## WORK ITEM:
Each line of the material must be repeated precisely, with the pictures left out.

## DATA PROVIDED:
********************

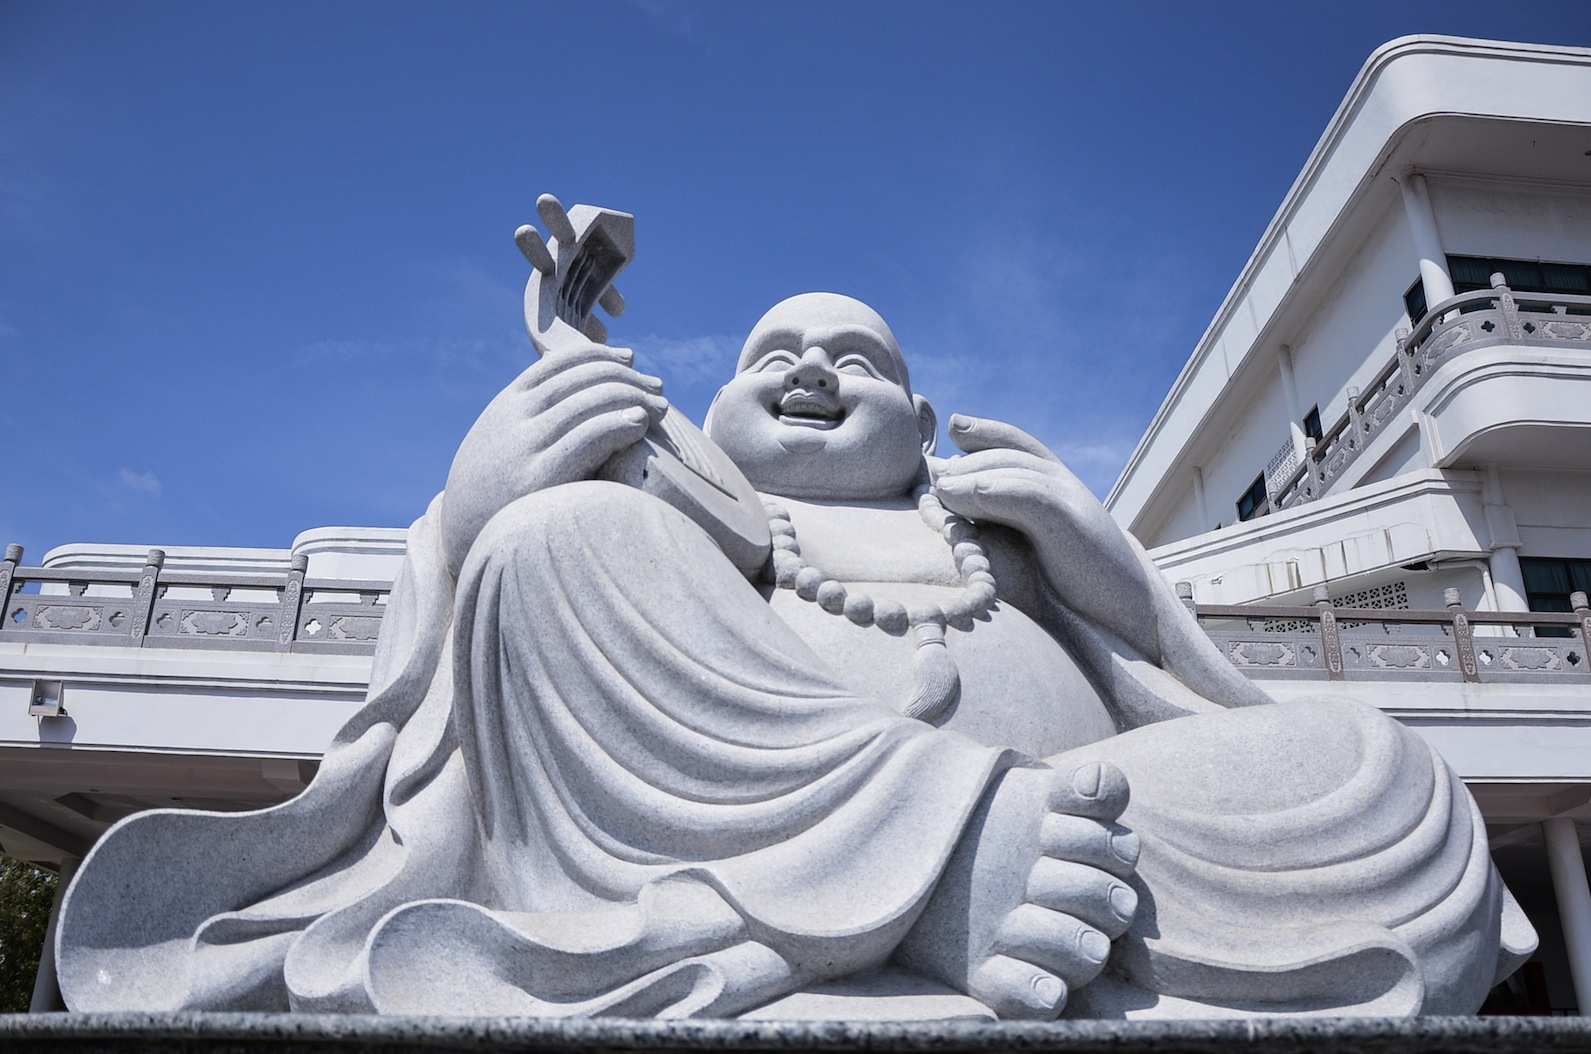 Buddha at Maha Vihara Duta Maitreya Temple
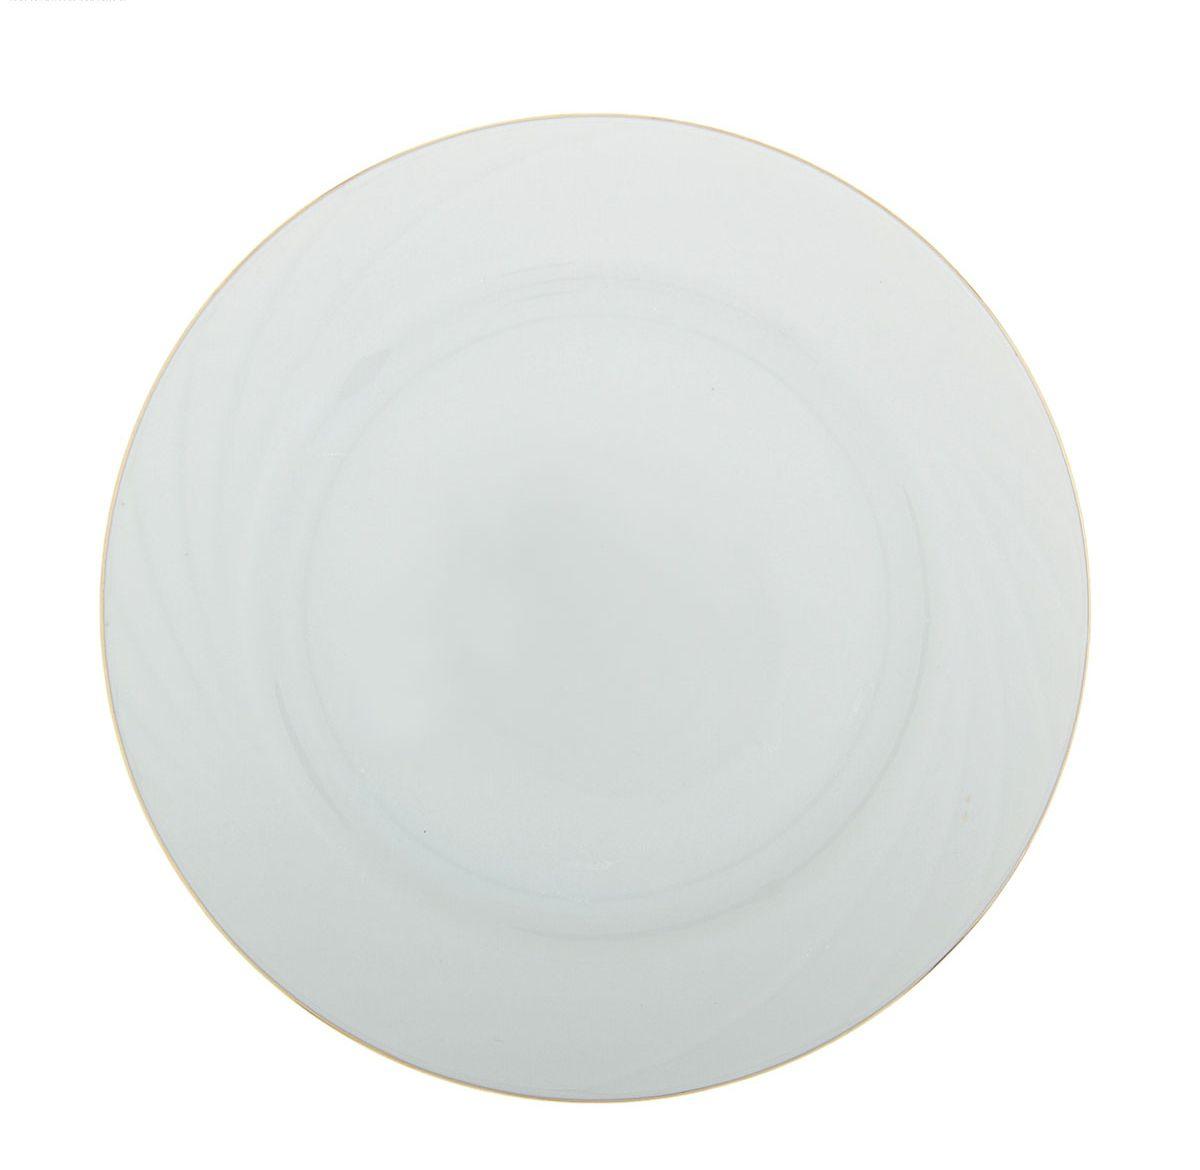 Тарелка мелкая Добрушский фарфоровый завод Голубка, диаметр 17,5 см507896Тарелка Голубка выполнена извысококачественного фарфора. Онапрекрасновпишется винтерьер вашей кухни и станет достойным дополнениемк кухонному инвентарю.Тарелка Голубка подчеркнет прекрасный вкус хозяйкии станет отличным подарком.
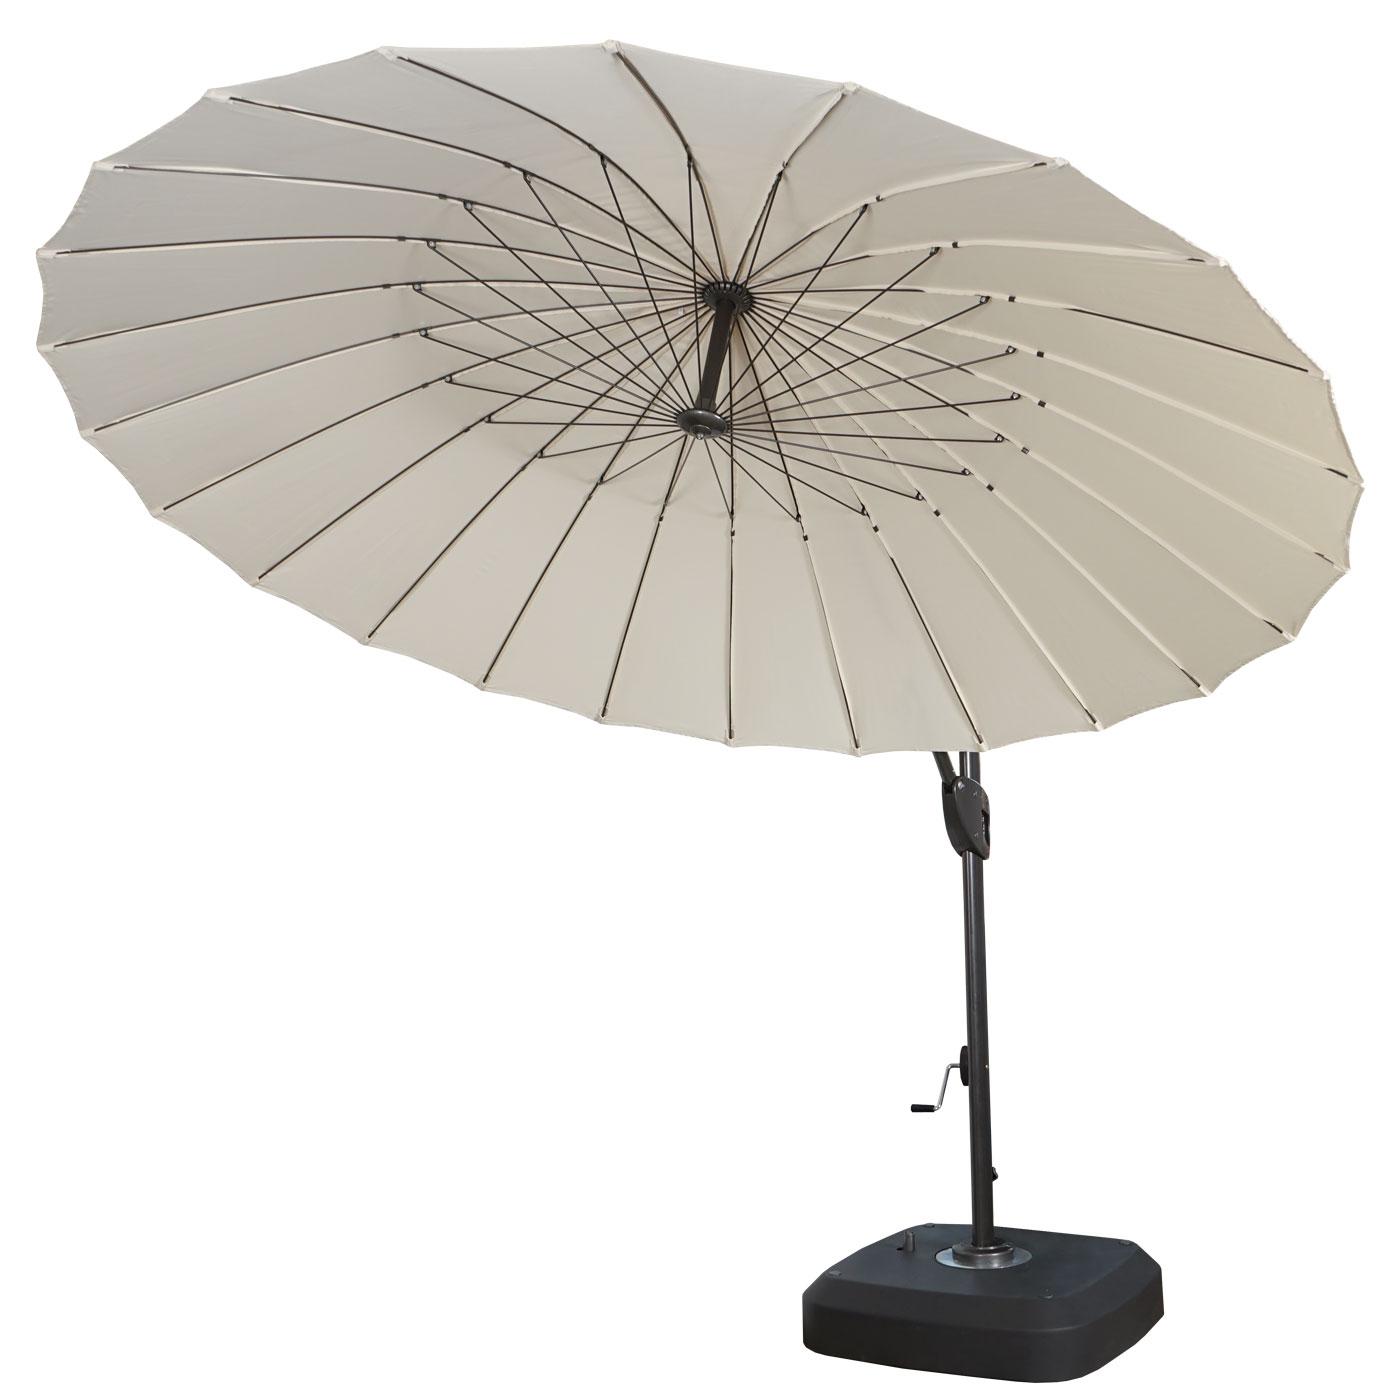 ampelschirm sonnenschirm mit st nder schutzh lle drehbar rollbar 2 8m polyester alu stahl. Black Bedroom Furniture Sets. Home Design Ideas
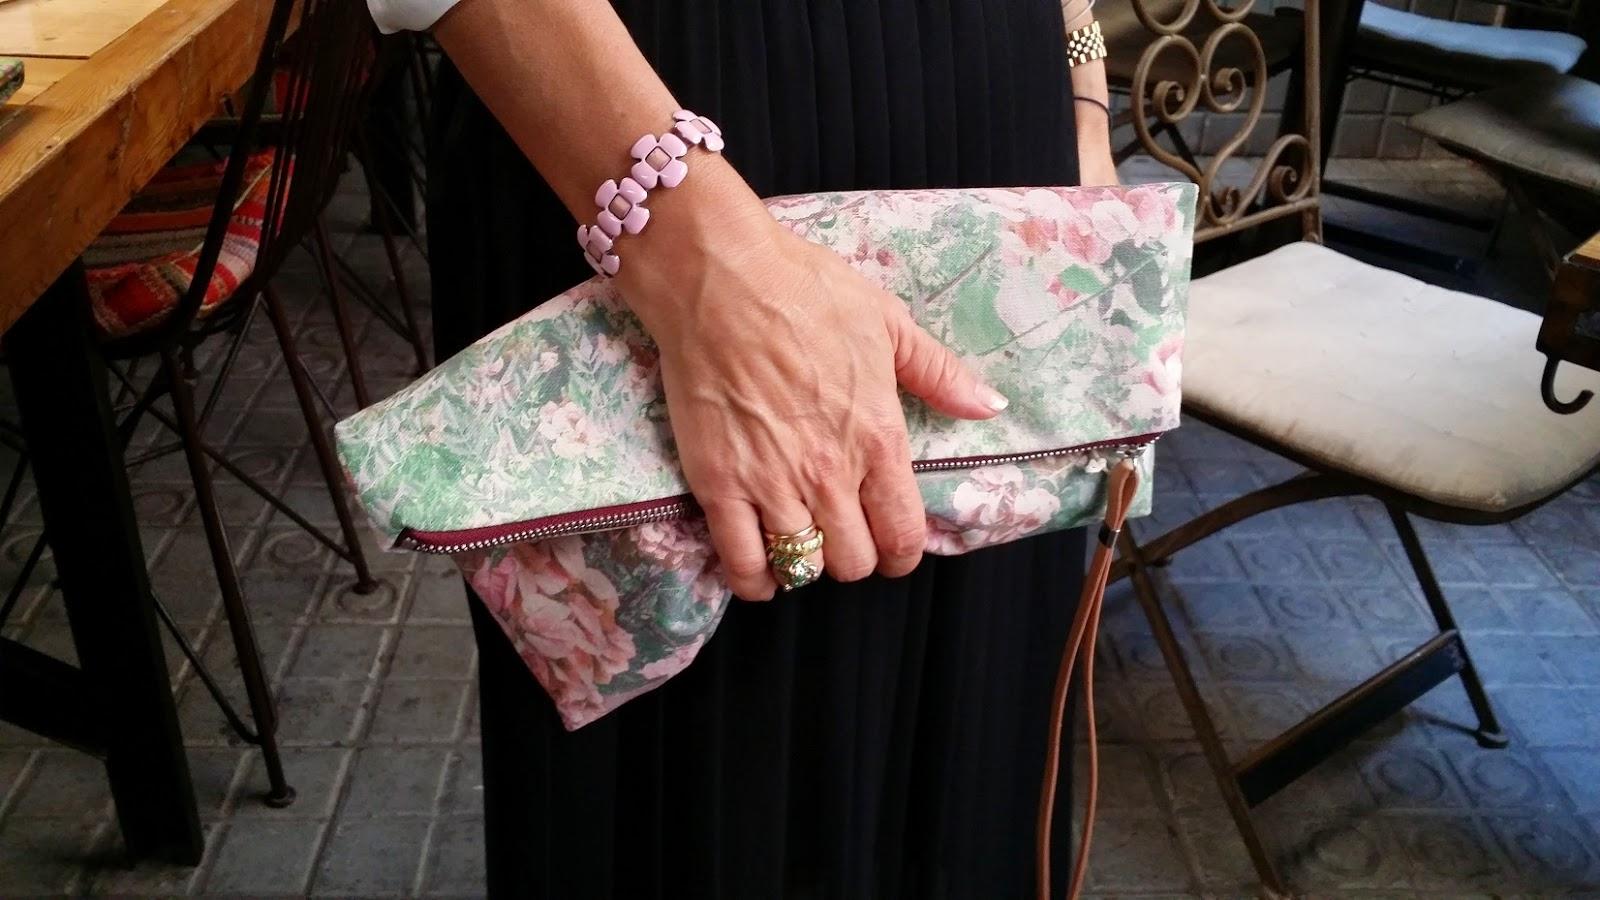 Mint and Rose, Ouibyou, Zubi, El Patio del Fisgón, street style, bag, fashion style, evento moda, Carmen Hummer, blog de moda

********************

## TASK SOLUTION:
 Buddha at Maha Vihara Duta Maitreya Temple
 Тарелка мелкая Добрушский фарфоровый завод Голубка, диаметр 17,5 см507896Тарелка Голубка выполнена извысококачественного фарфора. Онапрекрасновпишется винтерьер вашей кухни и станет достойным дополнениемк кухонному инвентарю.Тарелка Голубка подчеркнет прекрасный вкус хозяйкии станет отличным подарком.
 ampelschirm sonnenschirm mit st nder schutzh lle drehbar rollbar 2 8m polyester alu stahl. Black Bedroom Furniture Sets. Home Design Ideas
 Mint and Rose, Ouibyou, Zubi, El Patio del Fisgón, street style, bag, fashion style, evento moda, Carmen Hummer, blog de moda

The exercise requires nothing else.